Benefits of Team Teaching to Students and Instructors

In our blended model, we already know the value of team teaching to maximize student learning and support one another as a staff and faculty delivery team. Team teaching:

  • Allows students to learn from diverse instructors, who have different teaching approaches and areas of expertise;
  • Instructors likewise learn from one another or can step in for one another if something goes awry;
  • Large cohorts can be divided into smaller working groups working with each instructor, which benefits both students and instructors; and
  • Students can learn about teamwork through observing it modelled by a high-functioning teaching team.

In the fully online environment, we expanded this understanding of team teaching to create different roles: ideally, audience-facing speakers work collaboratively with tech hosts who (for example) monitor the chatbox, create breakout rooms, or run audio-visual files. This means that instructors aren’t as distracted by the technology while they’re speaking and students generally have a better quality experience, with seamless transitions and fewer delays while behind-the-scenes tech details are set up.

In a hybrid model, we now need to combine these areas of responsibility, attending to tech, physical, visual, and verbal presence for both the in-person and online audiences.

The Qualities of Good Courses, Period

In June of 2020, our RRU colleague, Dr. George Veletsianos, wrote an article on the qualities of a good online course. He suggested that a good online course is first and foremost informed by issues of equity and justice, or what we might call an orientation to justice, equity, decolonization, diversity, inclusion, and cultural safety. This means being trauma-sensitive and using principles of Universal Design for Learning while addressing the ongoing and systemic trauma caused by colonization, ableism, racism, sexism, heteronormativity, Anglocentrism, and more.

Moreover, Veletsianos stated that a good online course:

1.      is interactive, which is foundational to RRU’s LTRM, as described earlier;

2.      is engaging and challenging;

3.      involves practice—not just watching and reading, but applying learning in action. The 70-20-10 learning model, as advocated by our colleague and cultural safety educator, Harley Eagle, suggests that 70% of our learning occurs through practice.

4. is effective in identifying, teaching, and evaluating the skills, abilities, and knowledge students will gain by the end of it;

5.      includes an instructor who is visible and active, and who exhibits care, empathy, and trust for students; and

6.      promotes student agency, autonomy, and flexibility through redistributing power.

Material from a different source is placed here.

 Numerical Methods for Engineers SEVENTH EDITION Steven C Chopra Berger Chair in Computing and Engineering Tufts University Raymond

Veletsianos argued that “physical proximity isn’t a precondition for good education” and that these aren’t solely the qualities of good online courses; “they are qualities of good courses, period” (para. 15).

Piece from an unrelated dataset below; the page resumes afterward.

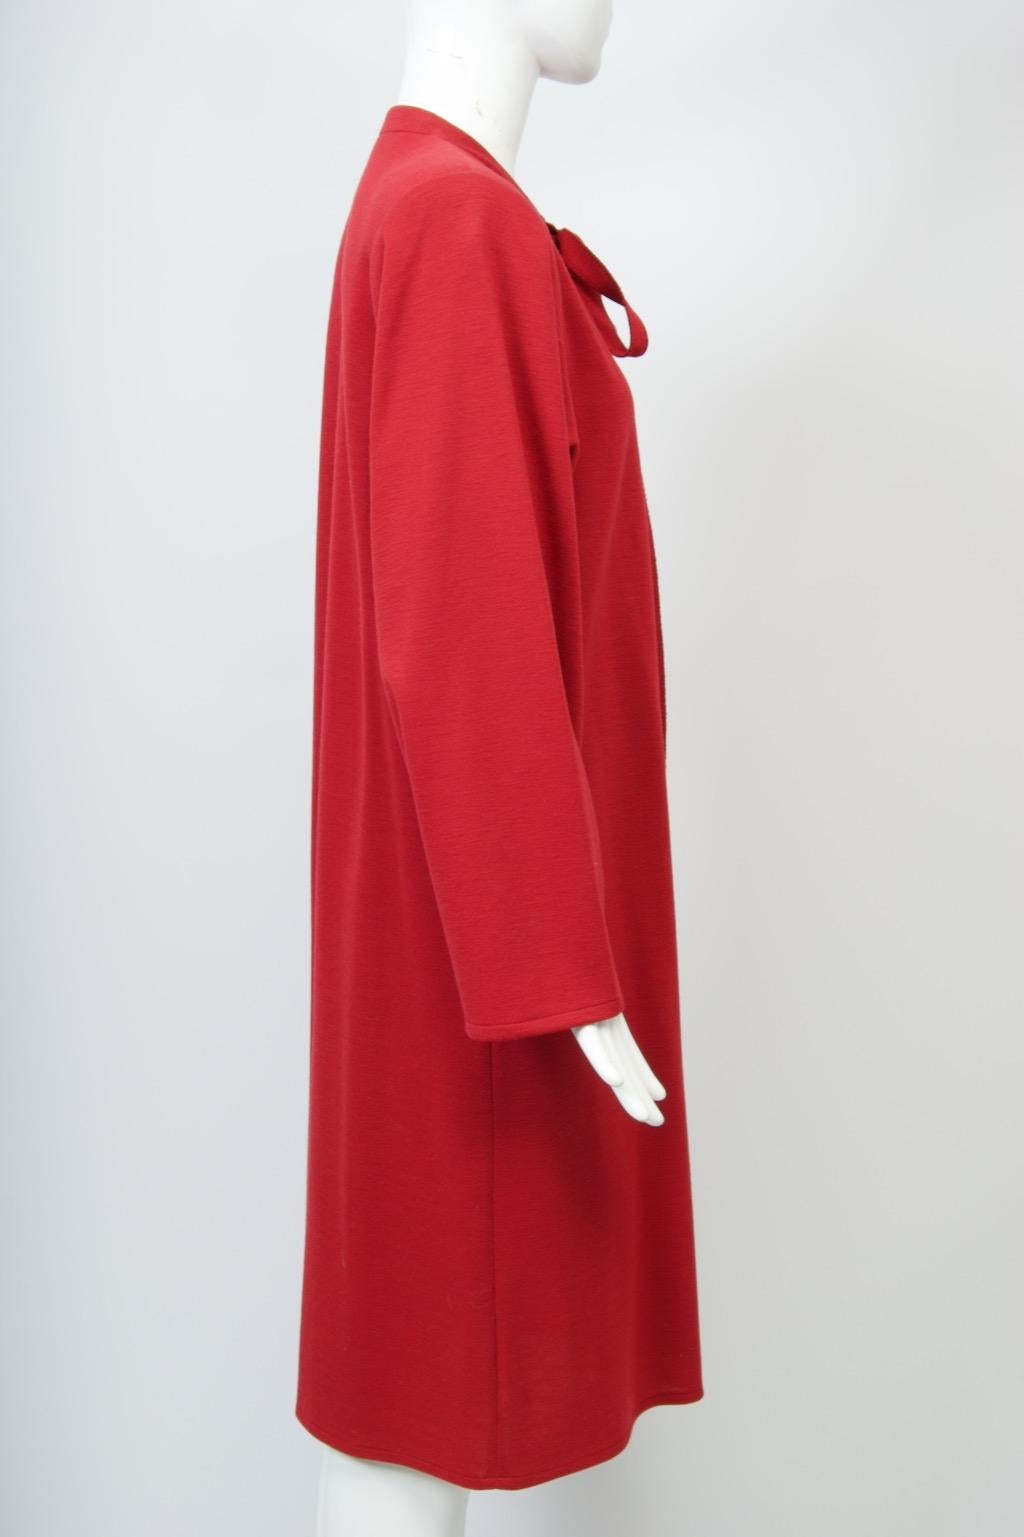 Sonia Rykiel Red Knit Coat/Dress In Excellent Condition For Sale In Alford, MA

As we pivot to a future of hybrid learning, let’s remember these qualities of a good educational experience when assessing whether or not we’re doing hybrid well.

Author notes

1. Thank you to Lisa Corak, George Veletsianos, Niels Agger-Gupta, Cheryl Heykoop, and Keith Webster for their helpful comments on earlier drafts of this post and to everyone at RRU working to make quality hybrid education possible.

2. The context for this post is an educational setting for graduate-level adult learners who are mid-career professionals. Different considerations may be required for children and their parents or undergraduate students.